Chaseit builds AI voice agents for debt collection. 25,000+ calls daily across 6+ countries and languages. You'll be investigating agent performance, figuring out why conversations fail, and fixing it.
What you'll do
Your main work is writing prompts and building evaluators. You'll refine how agents respond based on real call outcomes and client feedback, then build LLM-based systems to test if those changes actually work at scale.
Specifically:
- Write and test prompts across languages and conversation scenarios
- Build AI evaluators that assess conversation quality automatically
- Create evaluation datasets and run systematic experiments
- Analyze failure patterns in real conversations and implement fixes
- Design quality checks that catch problems before they reach production calls
What you need
- 2-5 years working with LLMs (prompting, testing, building evals)

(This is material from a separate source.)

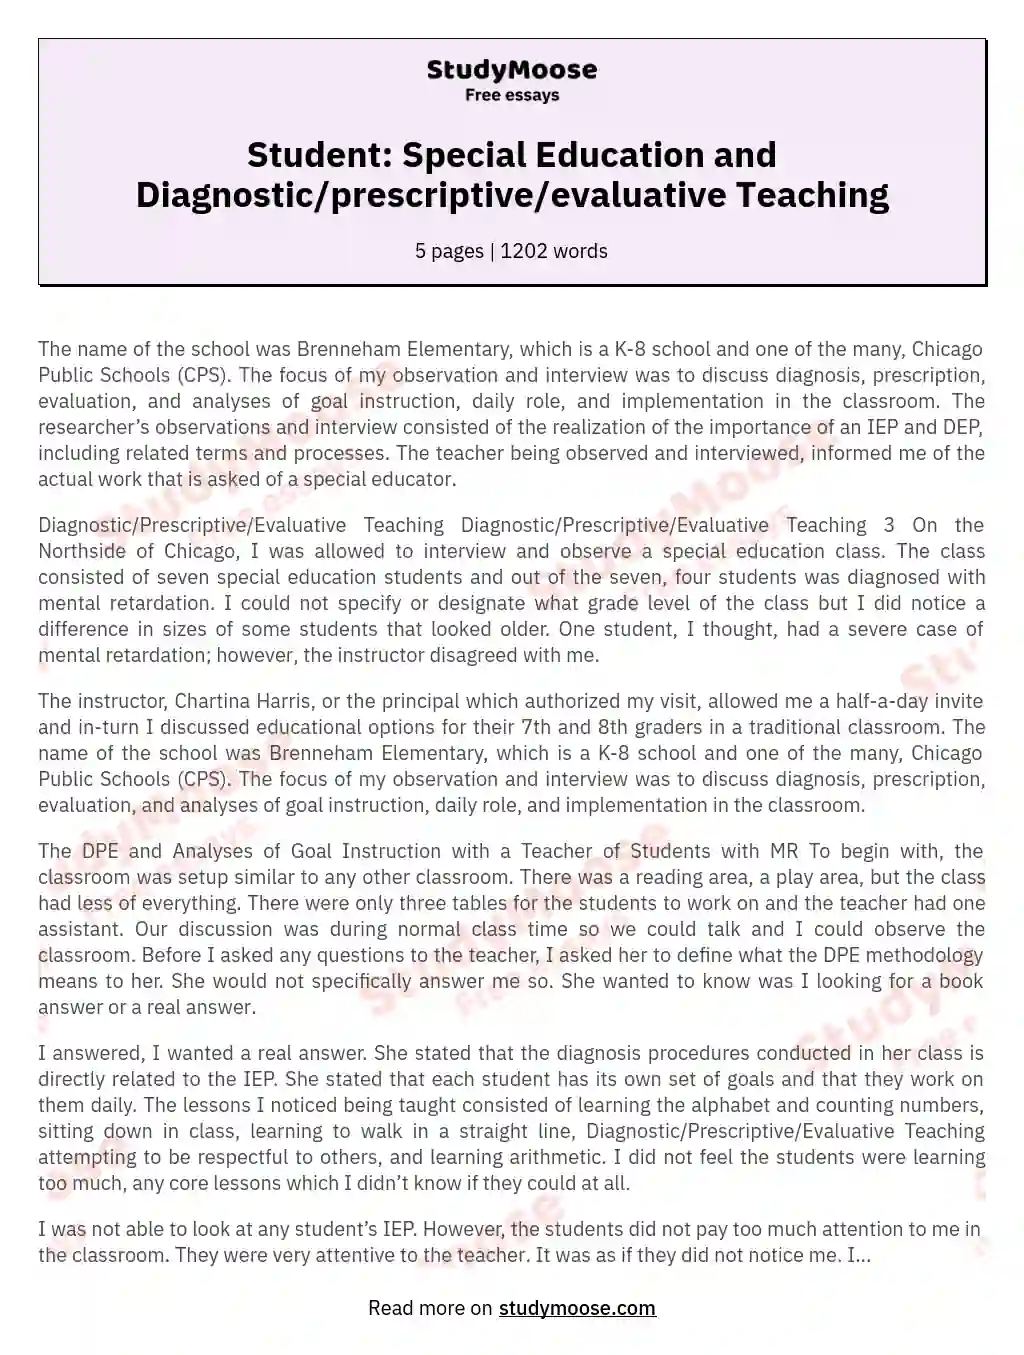 Student: Special Education and Diagnostic/prescriptive/evaluative Teaching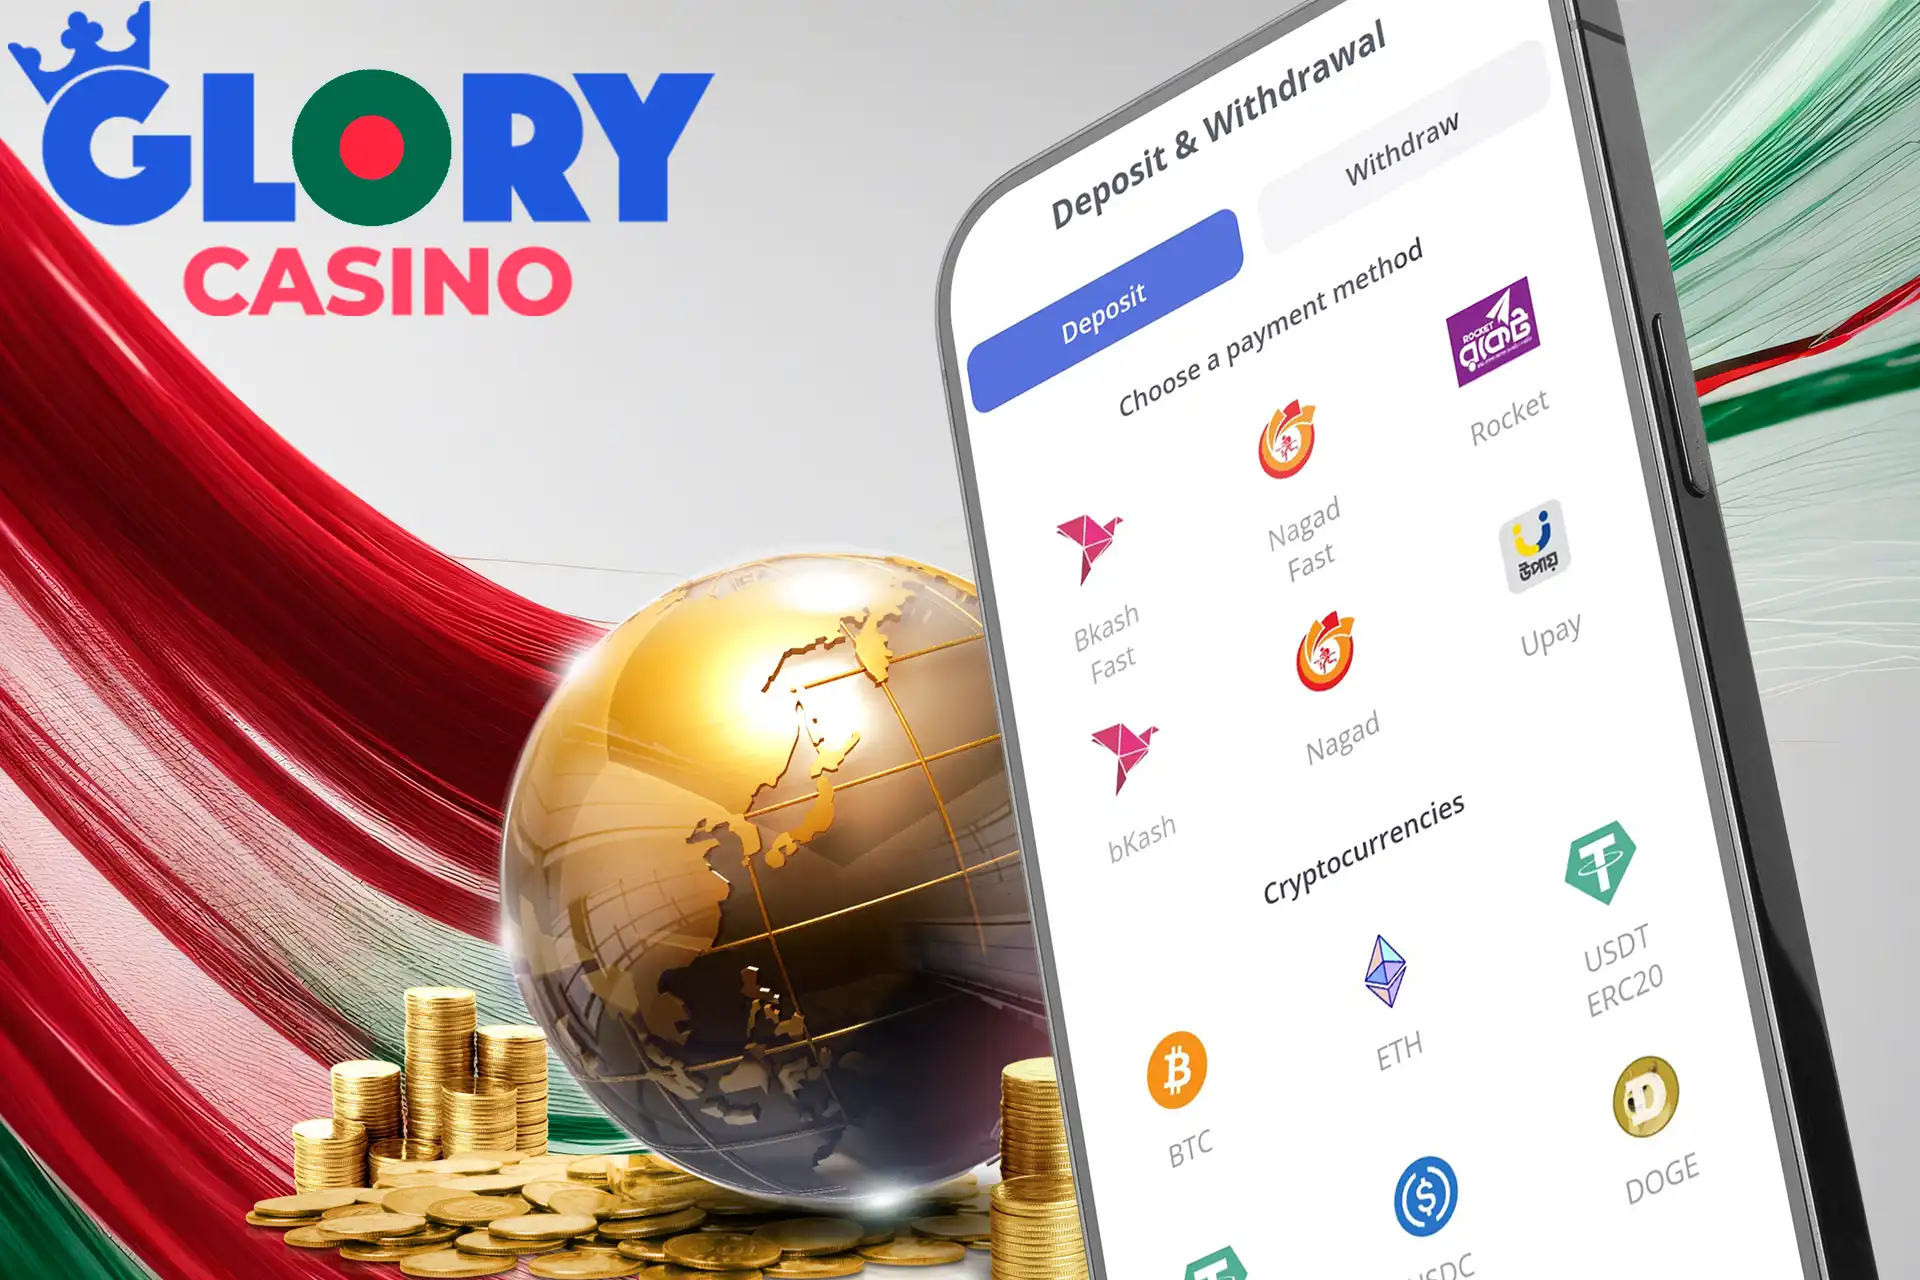 Many payment methods at Glory Casino Bangladesh

- Python or JavaScript skills for running tests and analyzing results
- Ability to work through messy problems systematically
- Clear written English for documenting what you find
If you've worked with conversational AI, voice systems, or multi-language models, even better.
Details
- Salary: €2,500-4,000/month (depending on experience)
- Equity: Early team members get stock options
- Locations: Vilnius (on-site), London (hybrid), or EEA remote for strong candidates
We're VC-backed, working with lenders across EMEA and US. Small team, direct access to founders, real impact on product direction.